Isso não quer dizer que seja algo gratuito, sem recheio. Apesar de ser bem comum, notem a diferença entre a nave de Ronan e a armada xandariana. O visual da espaçonave kree é sombria, e o mais interessante é que os designers a fizeram distorcidas nas extremidades, refletindo a própria distorção de seu comandante. Já as em Xandar, o Nova Corps são brilhantes, com formato de estrela e, vejam só, em determinado ponto da história formam uma constelação luminosa para impedir a chegada da escuridão. E a paleta de cores reflete essas informações, tanto que é ligeiramente difícil de ver o universo kree com os óculos 3D com suas lentes escuras. Felizmente, Gunn levou em conta a tecnologia e pensou em 3D, apesar de não ter filmado assim. Pela primeira vez, um filme da Marvel convertido para essa tecnologia funciona.
Óbvio que sem uma boa história, essa produção seriam mera masturbação técnica. Os personagens, apesar de não serem exatamente originais, são críveis e há uma sinergia tátil entre eles. Cada um tem sua personalidade apresentada sem enrolação, e os motivos que os fazem se unir funciona. Peter é o boa praça, malandro, conquistador e segue um código de honra: por exemplo, enquanto foge na cena inicial, ele não hesita em matar dois perseguidores, mas durante a fuga da prisão ele usa armas para atordoar os guardas, e até negocia com um dos presos para tirar dele uma perna mecânica, sem usar a violência para isso (mesmo com o inferno acontecendo do lado de fora). Rocker e Groot são inseparáveis, e eles próprios tem seu código. Gamora é uma arma viva, mas todo o seu histórico é de uma sobrevivente. Drax é o cabeça dura e inconsequente, mas entendemos o seu jeito de ser.
O melhor é que eles não são os heróis que estamos acostumados à ver. Não são vilões, mas anti-heróis, cada uma com sua perda e entendemos que essa dureza exterior é parte do que passaram. De novo, pode ser clichê, mas cada um quebra-se emocionalmente. Uns demoram mais que os outros. Menos Groot que, sendo um elemental da natureza, é o mais simples e mais puro daquela turma. E na sua simplicidade que acontece a cena mais emocionante do filme.

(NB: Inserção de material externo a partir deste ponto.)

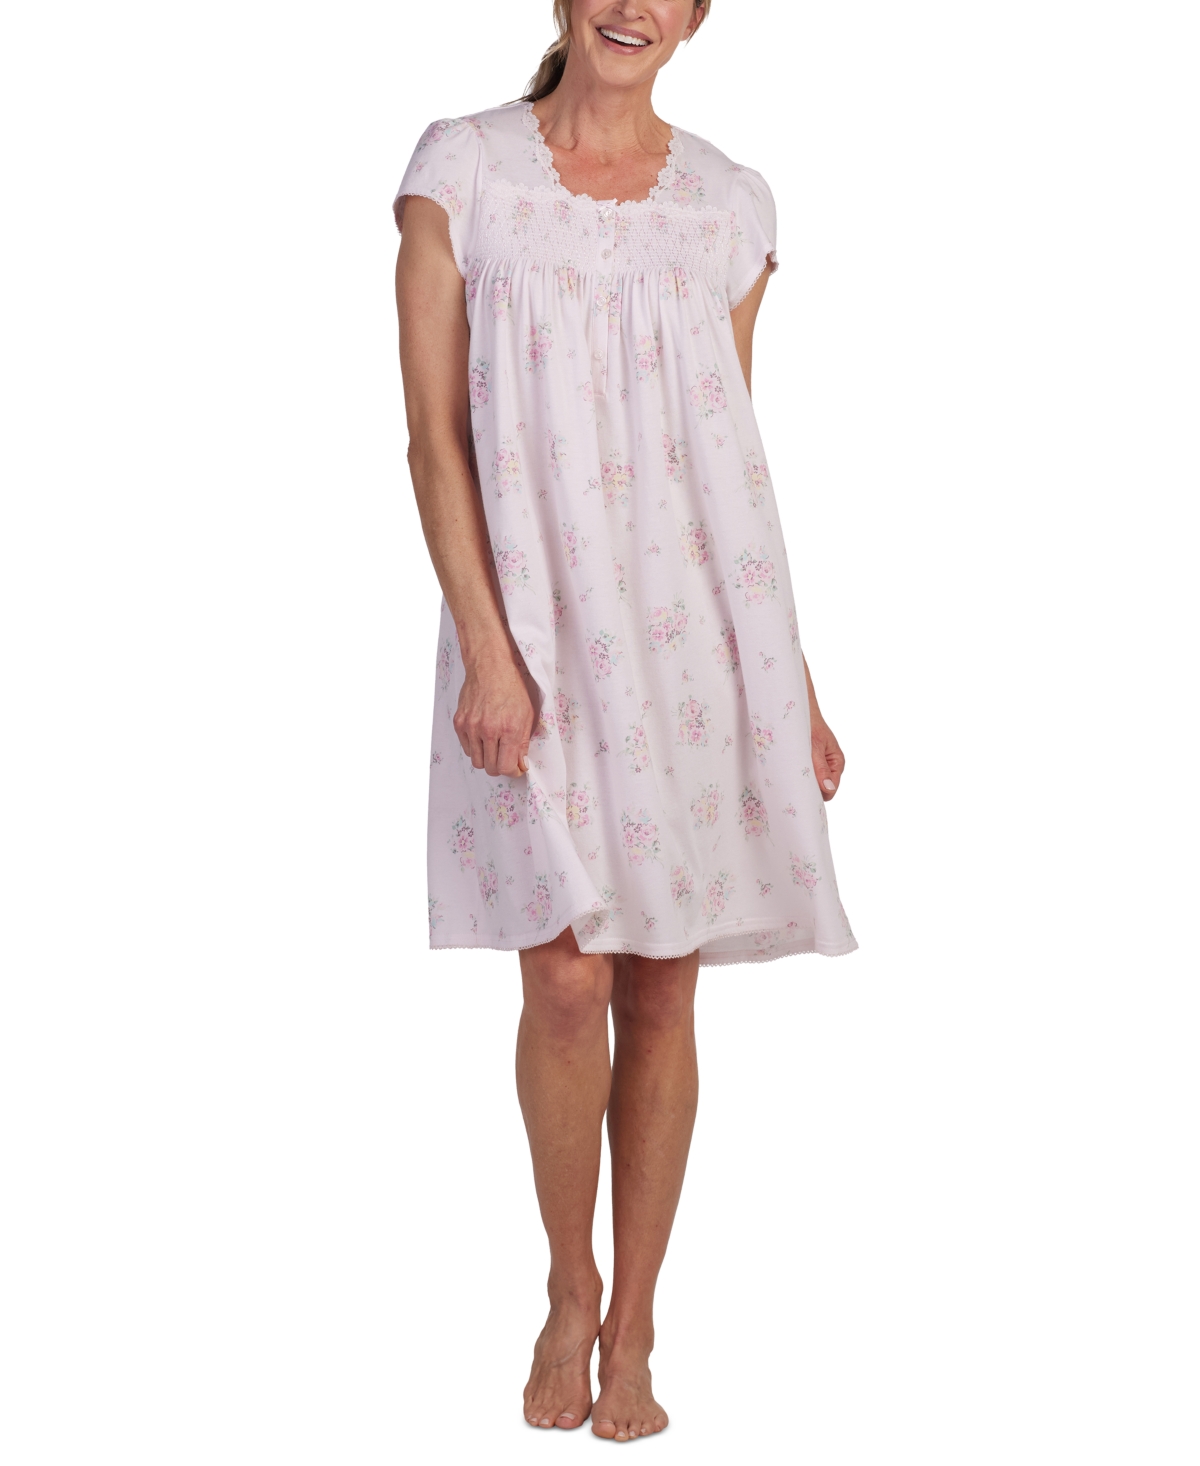 Women's Smocked Floral Lace-Trim Nightgown - Spring

Devo dizer também que vejo esse filme como uma grande homenagem à saga Star Wars. Todos os elementos estão lá: há uma invasão (que lembra o ataque à Estrela da Morte), a ajuda repentina, Groot como personagem leal de uma fala só (Chewbacca, mais alguém?), Rocket claramente inspirado em Han Solo e até a figura de um Imperador em Thanos, que aparece numa projeção holográfica (como Vader e Palpatine se comunicam em O Império Contra Ataca). Isso diminui a qualidade da produção? De jeito nenhum! É divertidíssimo caçar essas referências.
Guardiões da Galáxia é espirituoso e engraçado como poucos filmes de aventura são. Isso por si só vale o ingresso. Tem situações lugar comum, é verdade, com um vilão um tanto bidimensional e um braço direito bem mediano, mas que também protagoniza outra dessas cenas cheias de espírito. É um filme que não se leva à sério, e esse é o seu maior trunfo. Assim nos carrega num fantástico passeio que dá vontade de ser repetido. Pode não ser o melhor do universo cinemático Marvel. Mas com certeza é o mais divertido.